The performance of the proposed MRDN was evaluated by comparing the VC obtained via the trained model with the VC measured manually by a radiologist, and the evaluation results were: MAE, 2.637 (± 1.872); MSE, 13.985 (± 24.107); and RMSE, 3.739 (± 2.187). From the Pearson correlation analysis, we found a positive correlation of 0.95 at p < 0.05. We trained DenseNet121, ResNet50, and CARN models for performance comparison with the proposed model. From the performance comparison, the average MAE for the ResNet50 model was 4.825 (± 1.611), 4.474 (± 0.812) for DenseNet121, and 3.496 (± 2.365) for CARN. The data used in the VC measurement process is a segmented map image. Therefore, we estimated that the excessively many parameters did not have a significant effect on measurement of VC, and that CARN and MRDN with relatively shallow depth structure than ResNet50 and DenseNet121 showed higher performance comparing them. Moreover, as comparing to MRDN and CARN, MRDN exhibited higher performance than CARN. This indicates that the receptive fields of various scales through the MRDBs were advantageous for extracting the features of the correlation between the three VBs and the VC. We calculated the compression of all normal and fractured VB. When this calculation is applied to a normal VB adjacent to a vertebral body in which the height of the anterior vertebral body is lost, it can be calculated as a negative value. Therefore, only clinically significant fractured VB were newly evaluated, and the results are shown in Fig. 7 and Table 2. However, the negative data were used for training process, it seems to make throughout the results to be measured lower than the manual measurement.

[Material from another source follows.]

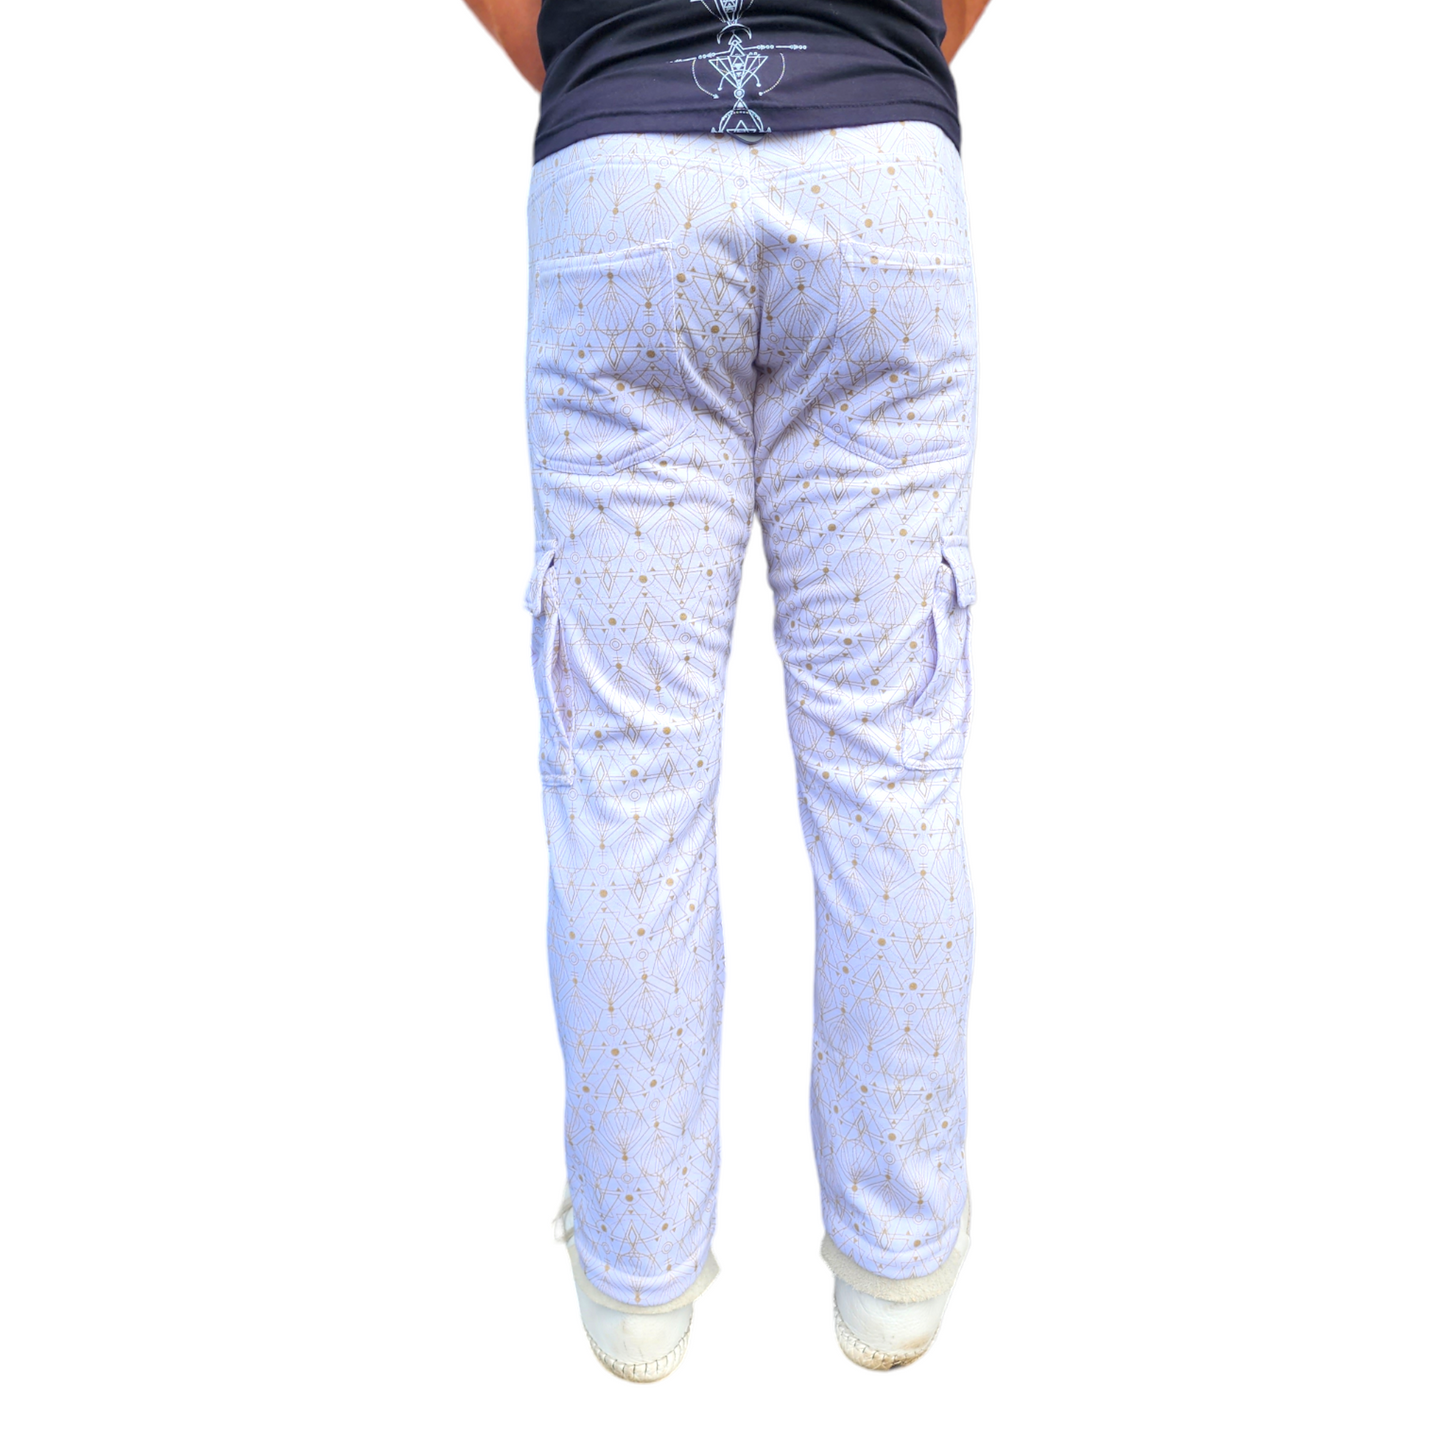 Men's Cargo pants with Nova print

In the future, the performance is expected to improve if a superior preprocessing scheme is added and more data, especially fractured severe compression vertebral data, are collected for the training. In addition, because vertebral compression fracture diagnostic indicators include Cobb angle, intervertebral disc height loss, and VC, further studies on measuring these indicators are expected to improve the accuracy of a diagnosis of vertebral compression fractures by assisting in the interpretation of the images. Furthermore, applying this algorithm to the medical picture archiving and communication systems is more practical than directly measuring VC manually as is currently done in the medical field.